1. Heat 3 tbsp olive oil in a large saute pan over medium heat.  Add almonds and stir until golden brown, about 3 minutes, then transfer them to paper towels.  Place 1/3 cup of the almonds into a blender or food processor, and leave the rest for garnish.
2. Add the bread crumbs and garlic to the saute pan.  Cook and stir until the bread is crisp and golden, around 4-5 minutes.  Using a slotted spoon transfer them to the blender.  Add the broth, wine, pepper and a pinch of salt to the blender.  Process until smooth. Set aside.
3. Heat the last 1 tbsp of oil over medium high heat.  Season the chicken with salt and pepper.  Brown the chicken in oil.  Remove the browned chicken to a plate.
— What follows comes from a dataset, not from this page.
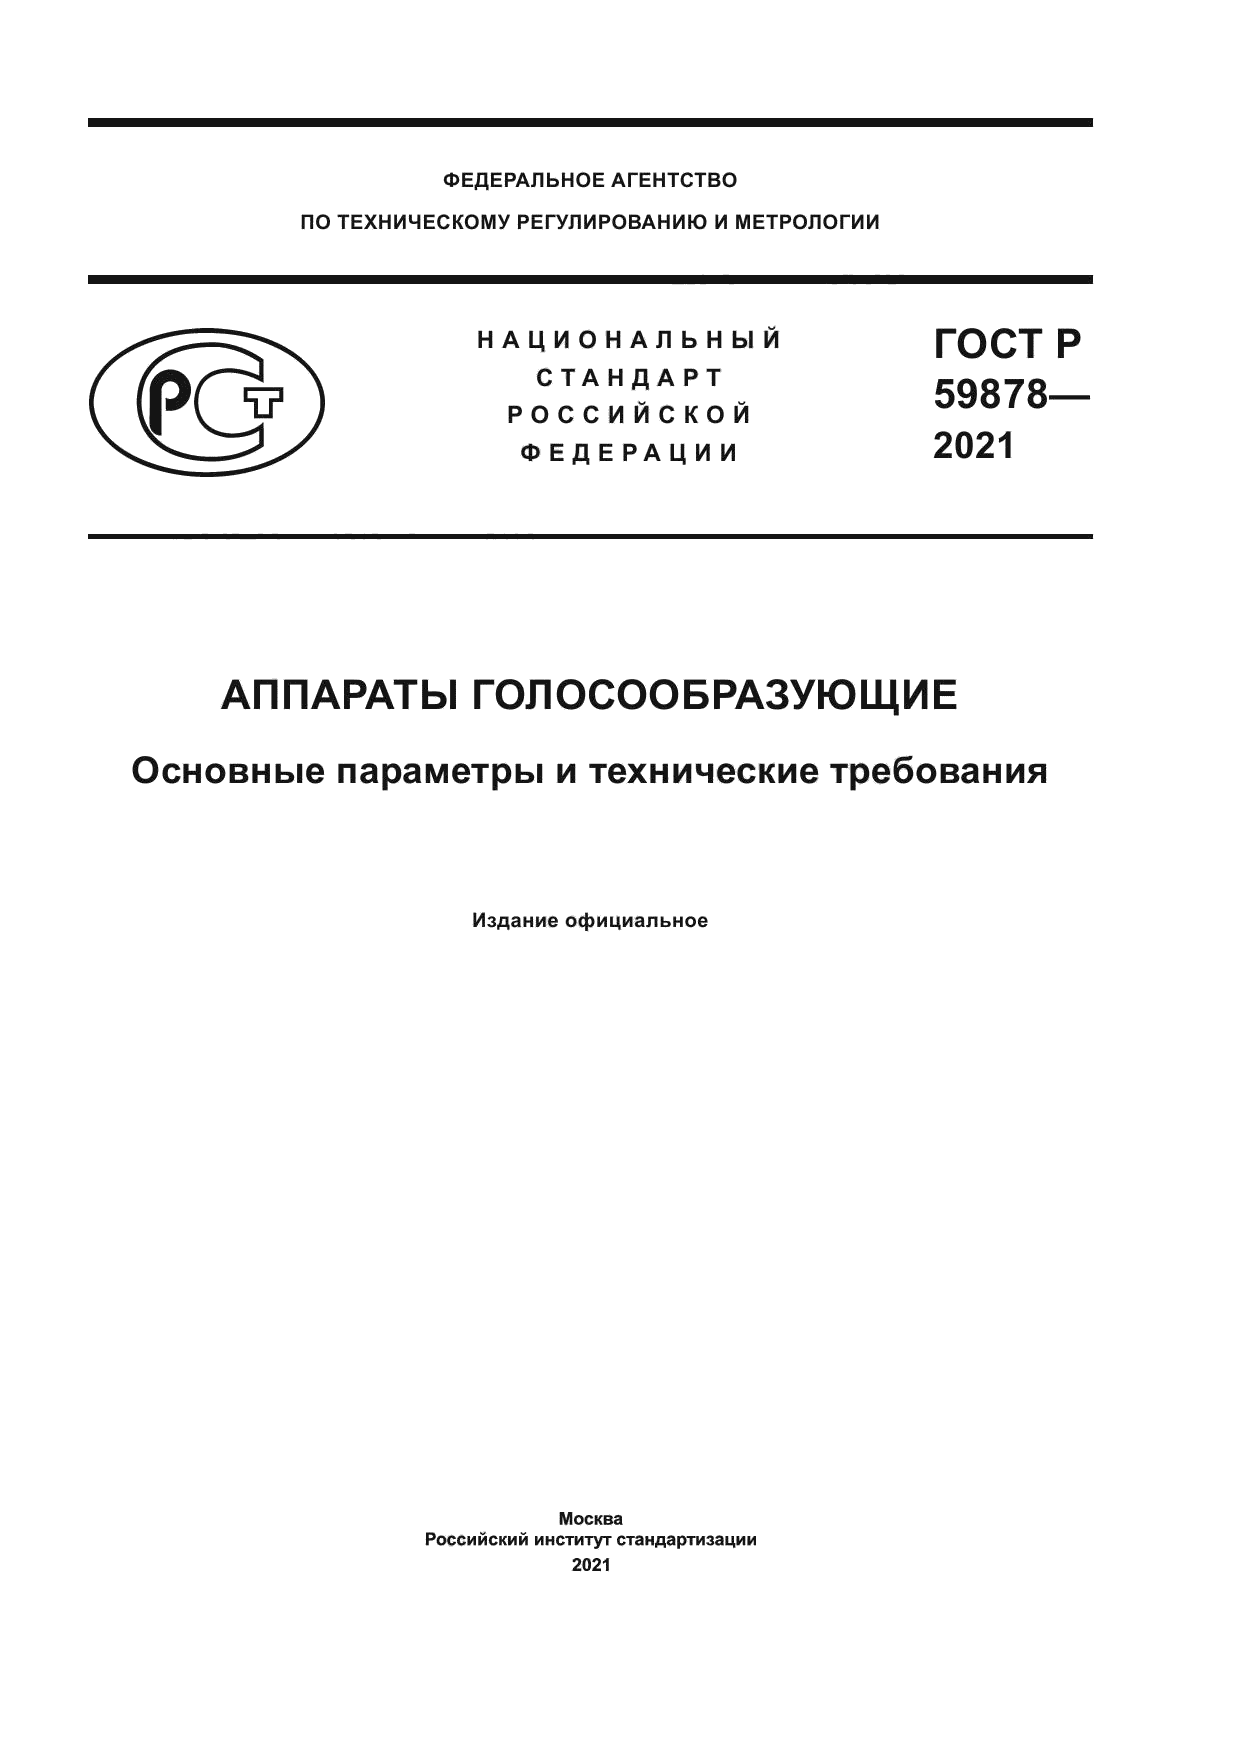 ГОСТ Р 59878-2021

4. Add the onion to the pan and cook for 6 minutes.  Add the sauce and chicken to the pan with the onions, ensuring the sauce covers the chicken.  Bring the sauce to a simmer, then cover.  Simmer the chicken in the sauce until cooked through, about 12 minutes.
5. Serve the chicken with the sauce.  Use the parsley and reserved almonds as garnish when serving.

We loved this!  The chicken was very moist from cooking in the sauce, and the flavor was so different from other chicken dishes we've made, which was a nice change of pace!